Cette manière d'équilibrer les voix est néanmoins très avantageuse à l'œuvre de Tomasi, Andante et Scherzo. Le caractère semi-liciencieux des glissements harmoniques y trouve toute sa place, sans déborder. D'ailleurs, s'il fallait y chercher des caractéristiques de la musique française, il faudrait encore hésiter entre ses influences très maîtrisées et la retenue dont Jean Raffard fait preuve jusque dans les accès de sensualité. La Pièce de Concert de Guy Ropartz et la Sonatine de Jacques Castérède offrent également des plages bien relativement dramatiques, curieusement endurantes, convenablement enfiévrées. Et ces caractères intermédiaires donnent lieu à des ambiguïtés passionnantes quoique fictives. Nous ne saurons peut-être jamais et nous nous délectons de ne savoir si le deuxième mouvement de la Sonatine de Castérède est mélancolique ou, au contraire, voluptueusement apaisé.
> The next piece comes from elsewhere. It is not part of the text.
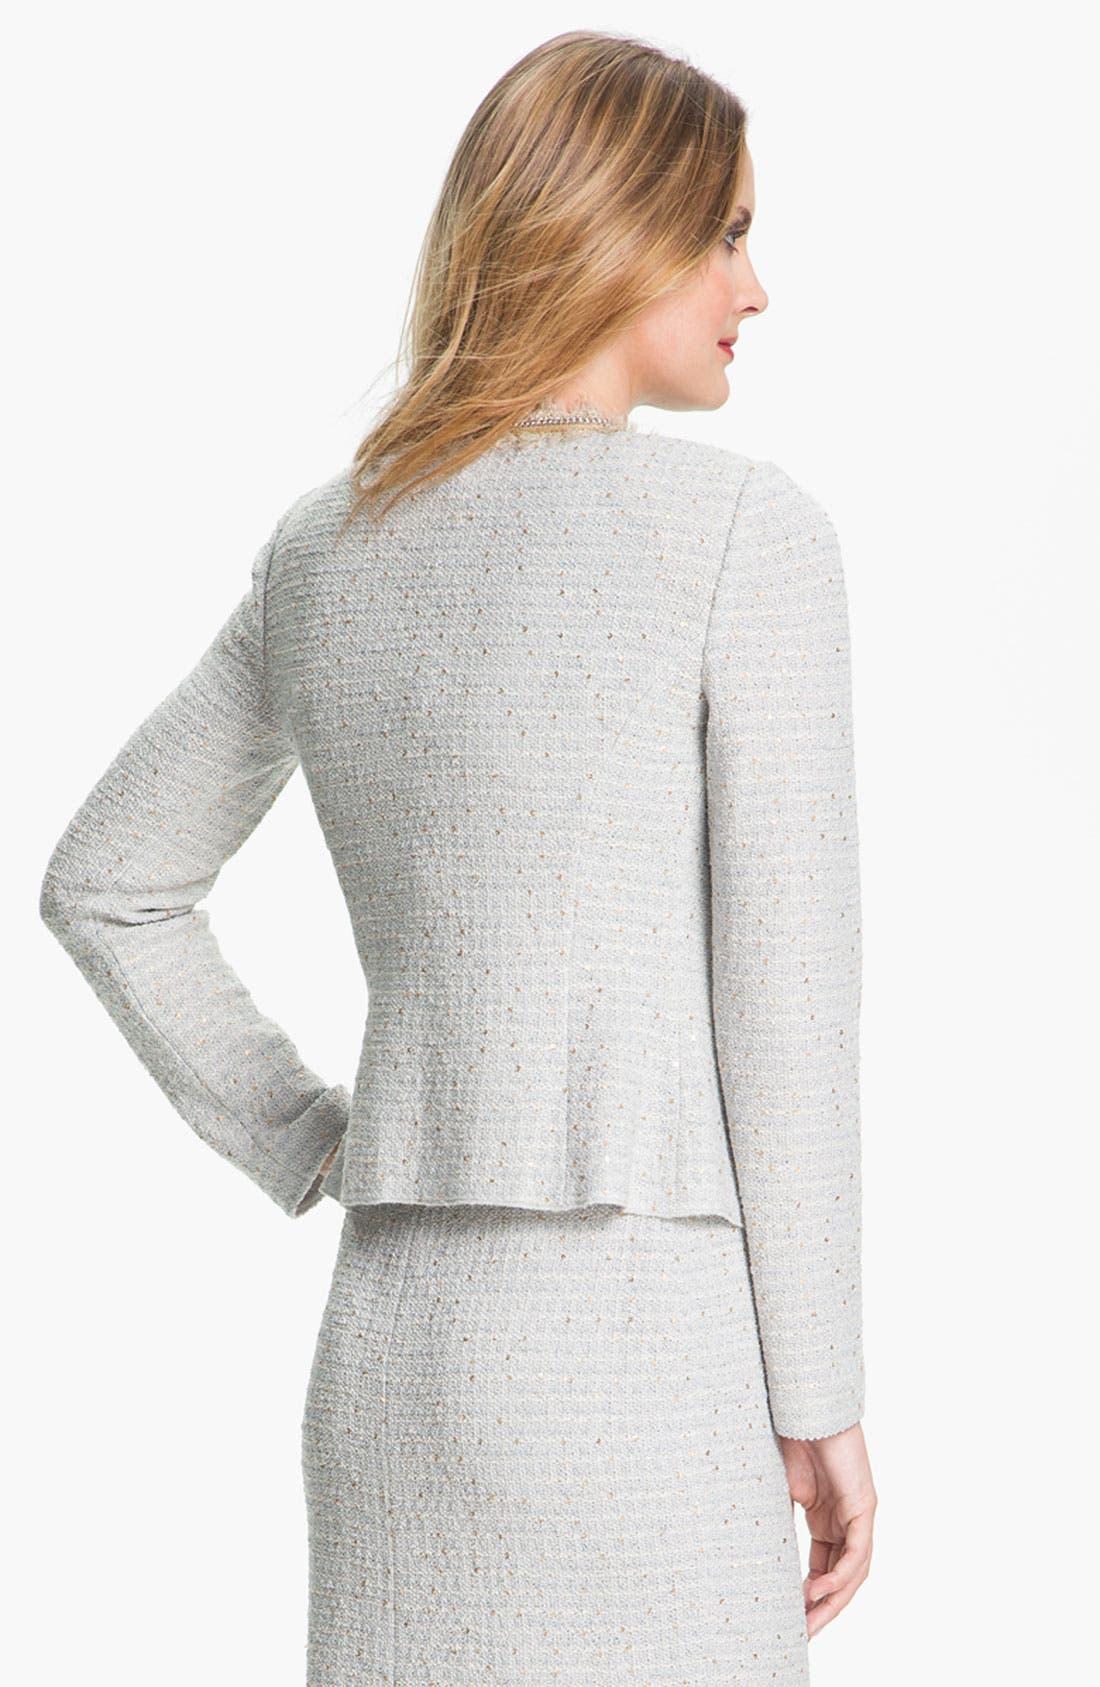 Alternate Image 3  - St. John Collection Sequin Ice Tweed Knit Jacket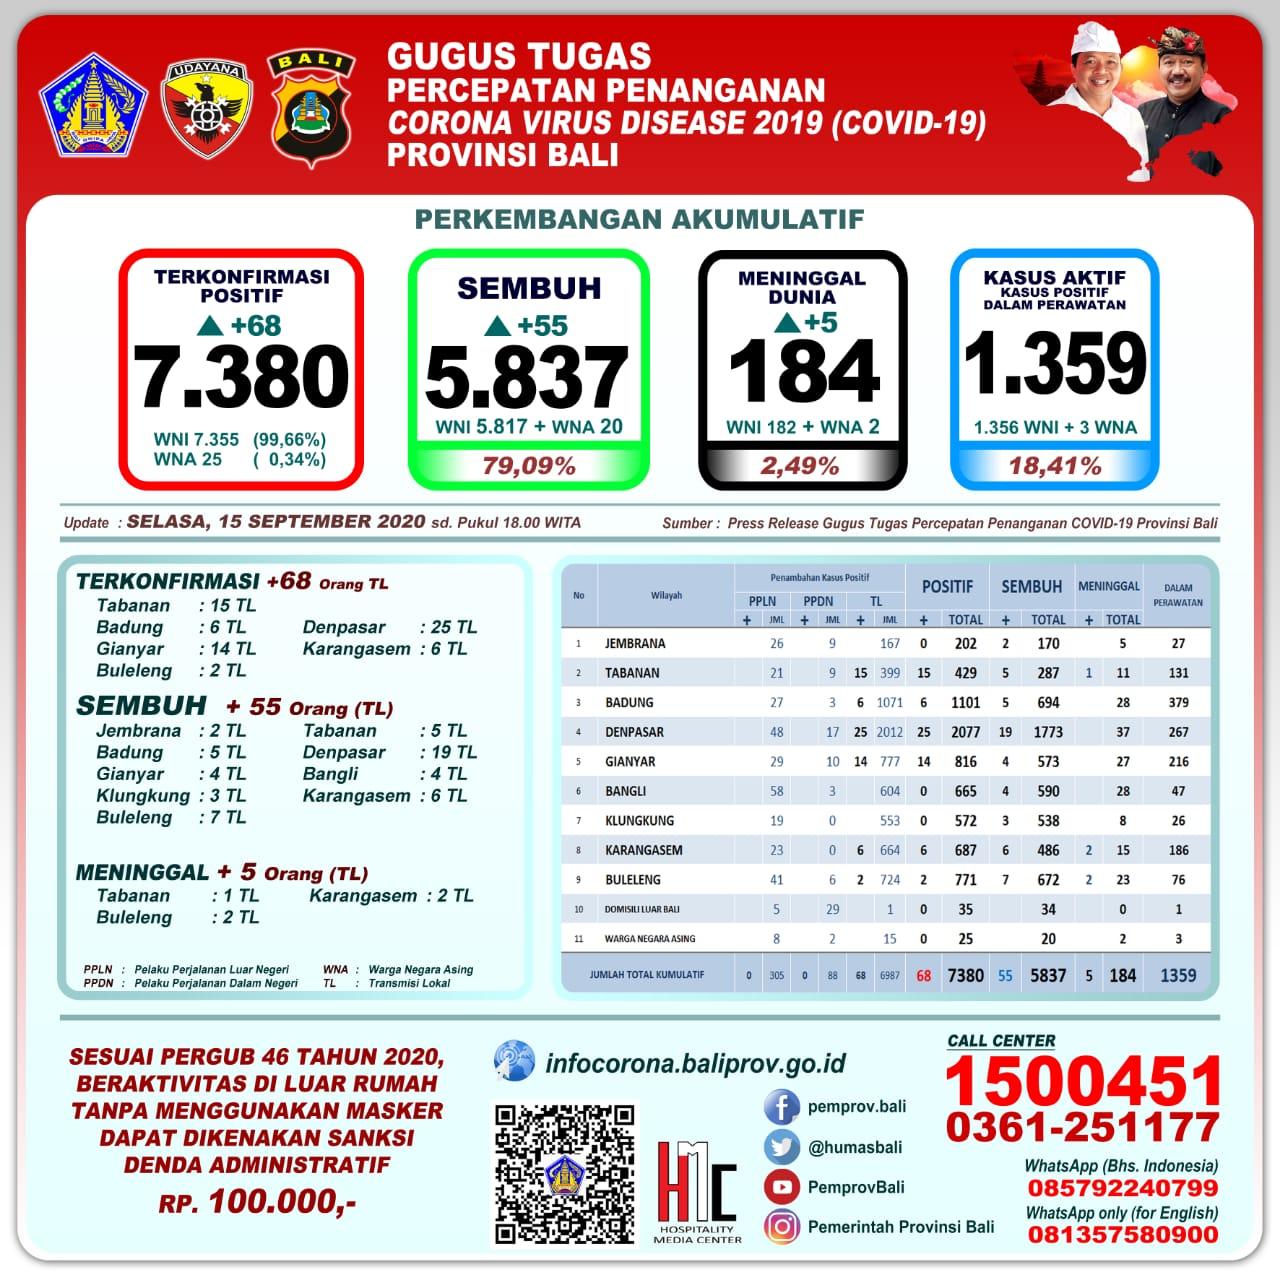 Perkembangan Terkini Kasus Covid Penambahan 68 55 Sembuh Dan 5 Orang Meninggal Redaksi9 Com

Le Capriccio de Boutry est sûrement le moment le plus spectaculaire du disque, pour autant que l'interprétation soit toujours d'une assez haute tenue pour que l'efficacité n'en soit plus emphatique. À l'inverse et comme dans la Cavatine de Saint-Saëns, nous aurions apprécié un dépouillement plus radical dans le Plain chant et Allegretto de Désenclos. Terminant avec le Morceau Symphonique d', l'œuvre la plus ancienne à son programme, Jean Raffard fait preuve d'une discipline et d'une application qui, décidément, nous semblent tempérer ses interprétations dans une enveloppe un peu corsetée. Ou bien, comme à la télé, est-ce la valeur documentaire de ces enregistrements qui, si prégnante, finit par en limiter la force d'expression ?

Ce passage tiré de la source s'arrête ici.